Les accords majeurs cachés dans la gamme d'ut mineur

Les accords majeurs cachés dans la gamme d'ut mineur

Dans les exemples précédents, seuls les accords mis en valeur en début ou en fin de phrase sont susceptibles d'affirmer une tonalité.

Quant aux accords ou aux intervalles de tierce (majeure ou mineure), dépourvus de dominante, ils sont encore plus ambigus. Voici deux exemples d'intervalles de tierce :

Tierce mineure suivie de tierce majeure

Tierce mineure suivie de tierce majeure

Tierce majeure suivie de tierce mineure

 Tierce majeure suivie de tierce mineure

Dans le premier exemple, les intervalles successifs énoncent un accord d'ut majeur, confirmé par l'ut final. Dans le second exemple, les mêmes intervalles présentés en ordre inverse énoncent un accord d'ut mineur. Dans ces deux exemples, ce sont les hauteurs de la note supérieure (sol) et de la note inférieure (ut) qui délimitent la cadence parfaite et déterminent la tonalité d'ut (majeur ou mineur, selon la médiante).

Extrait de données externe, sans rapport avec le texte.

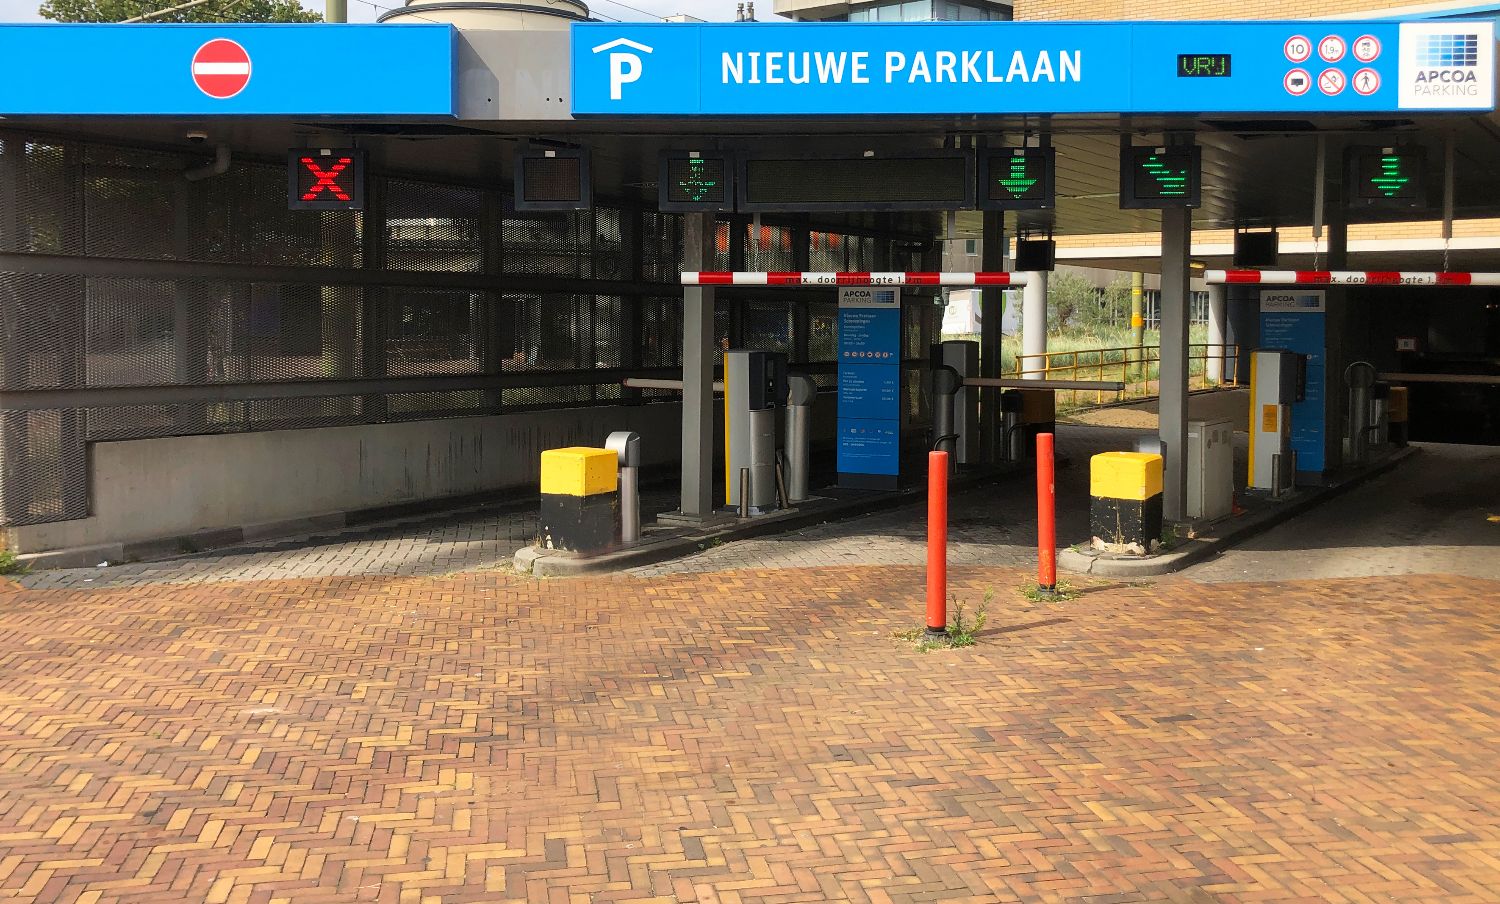 Parkeergarage Nieuwe Parklaan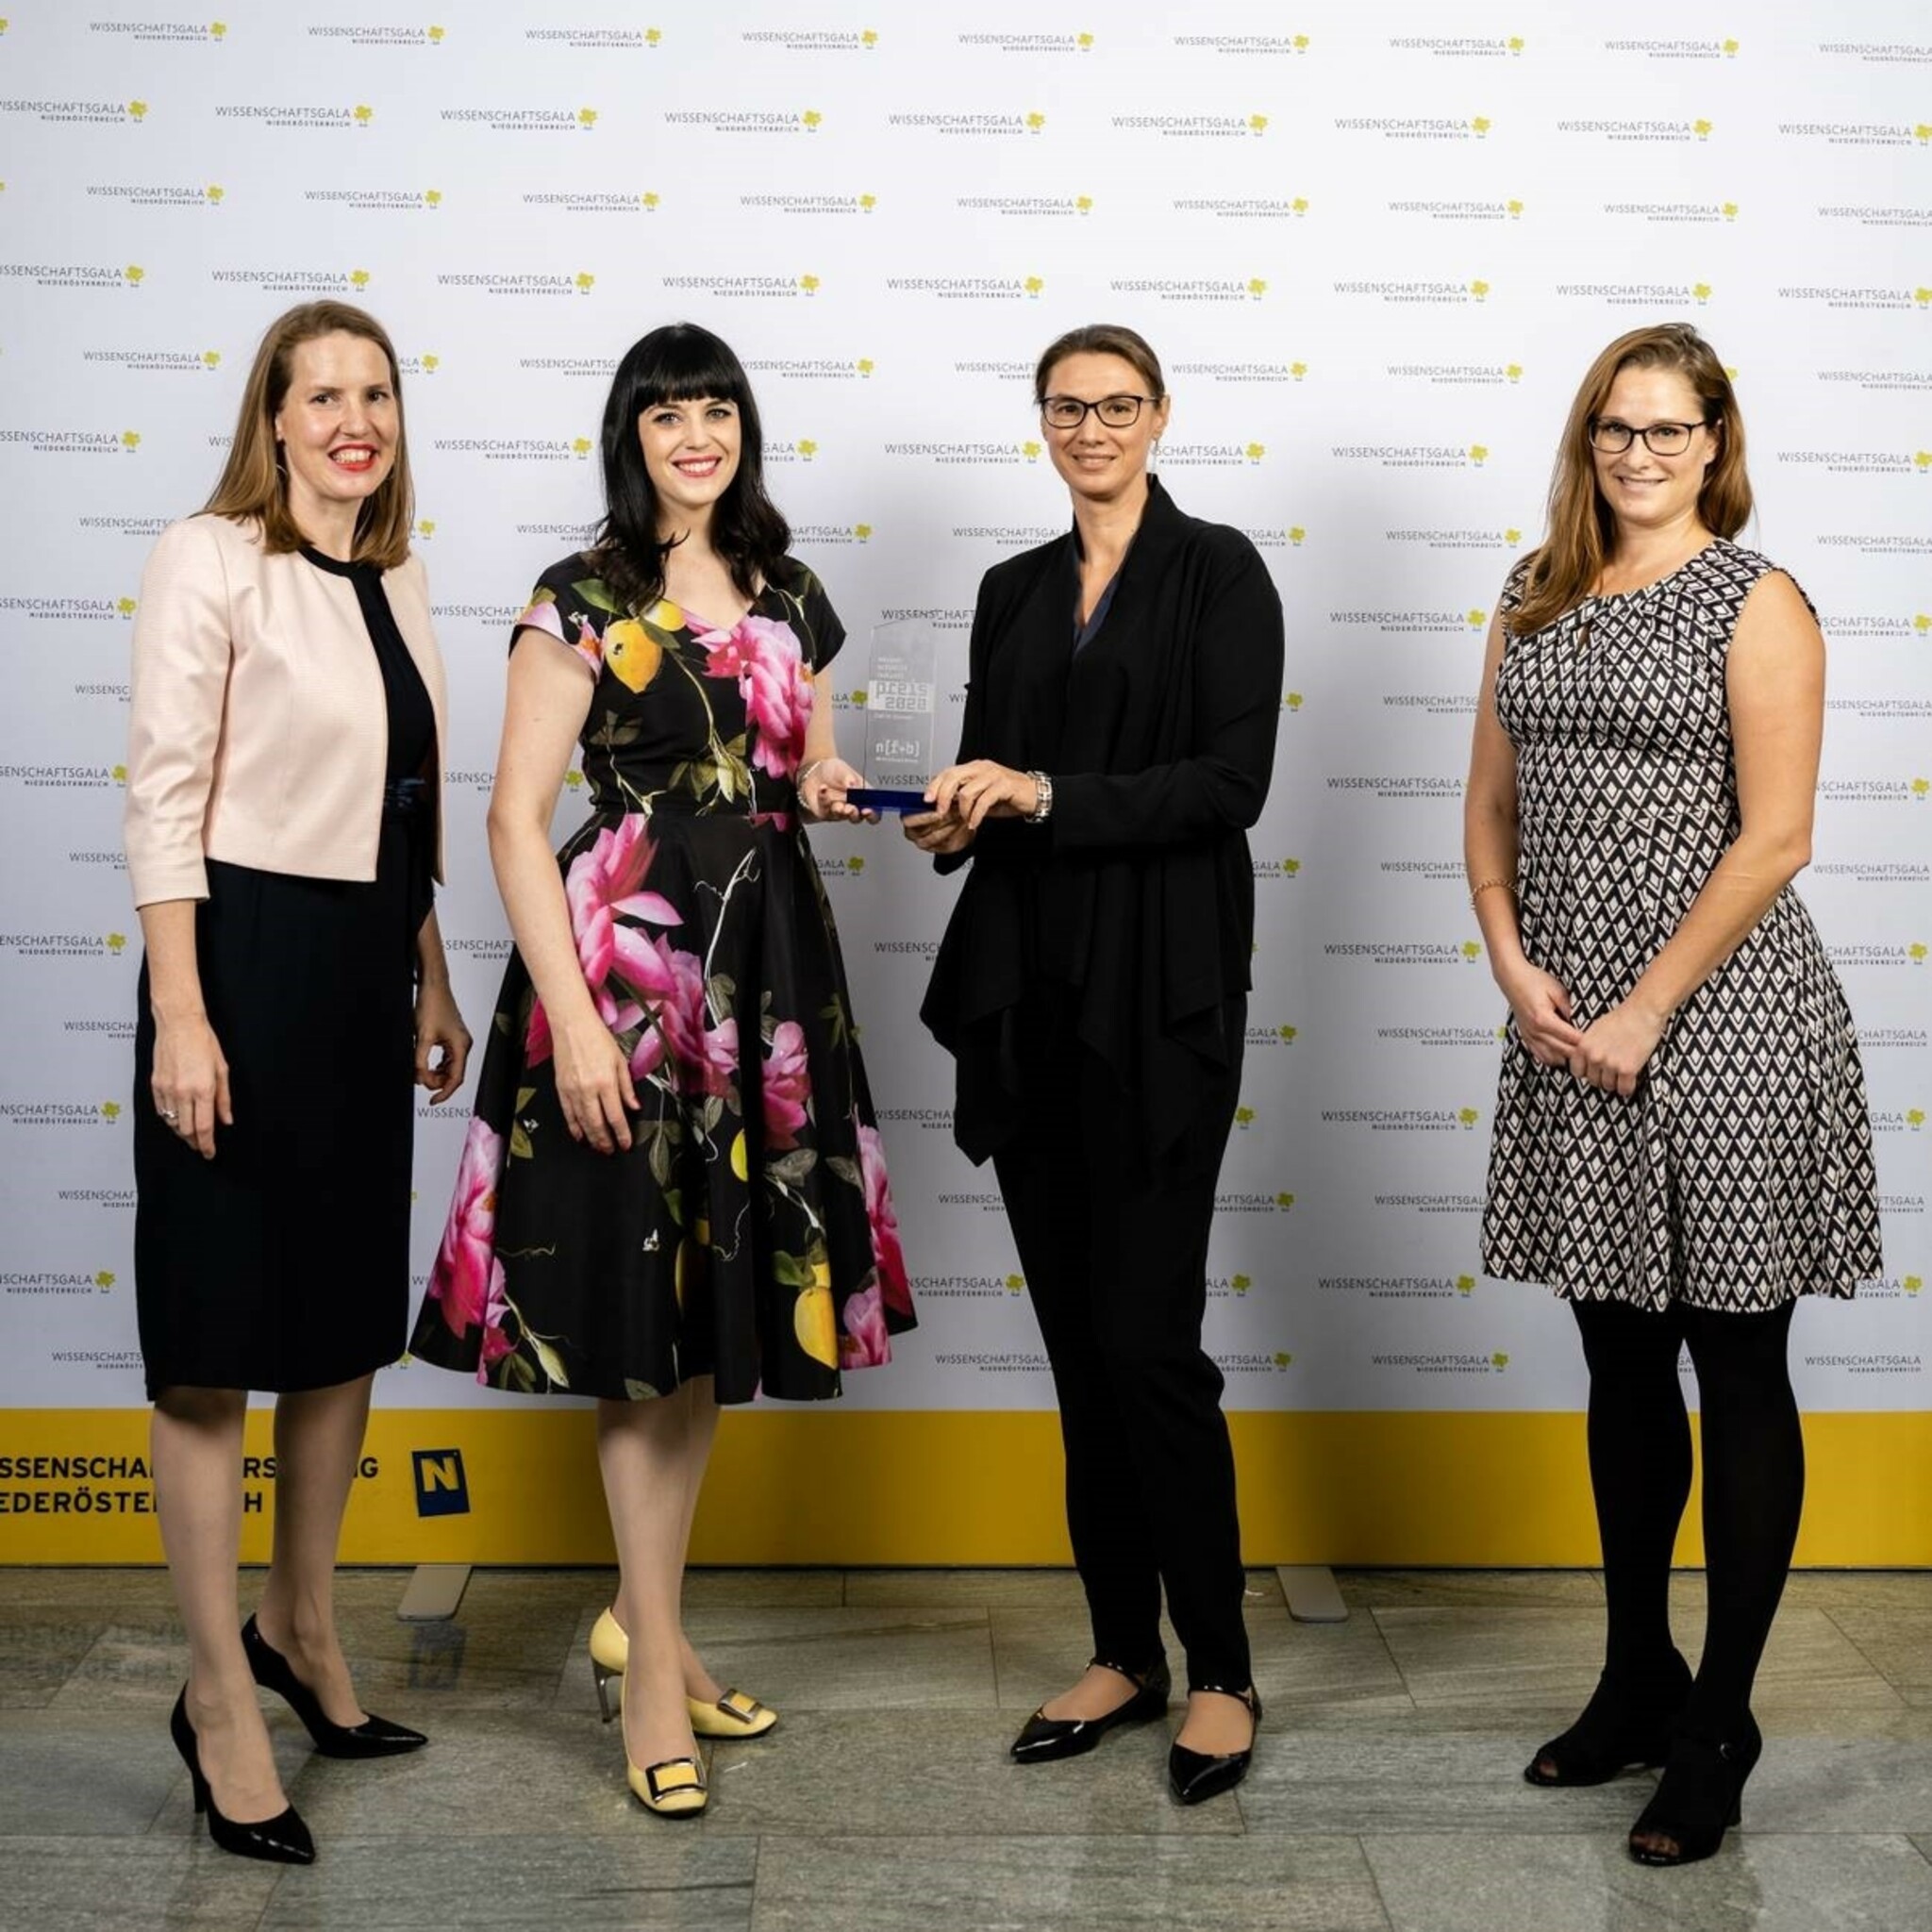 Die Preisträgerinnen des WZP 2020 Angela Bitto-Nemling, Nicole Amberg, Lisa Cichocki, Melissa Stouffer halten die Trophäe in der Hand

Voici un autre exemple d'ambiguïté de tierces (majeure et mineure), l'exemple du premier mouvement (allegro con brio) de la 5ème symphonie de L. v. Beethoven :

1er mouvement de la 5ème symphonie de L. v. Beethoven

1er mouvement de la 5ème symphonie de L. v. Beethoven

Les cinq premières mesures ne nous permettent pas de déterminer avec certitude la tonalité. Les tierces (majeure et mineure) y sont ambiguës. Beethoven ménage le suspense en n'accompagnant son thème d'aucune harmonie qui puisse lever l'ambiguïté. Il nous faut patienter encore quelques mesures avant d'entendre l'arpège d'ut mineur, en notes soutenues. Le reste du thème nous conforte dans notre analyse.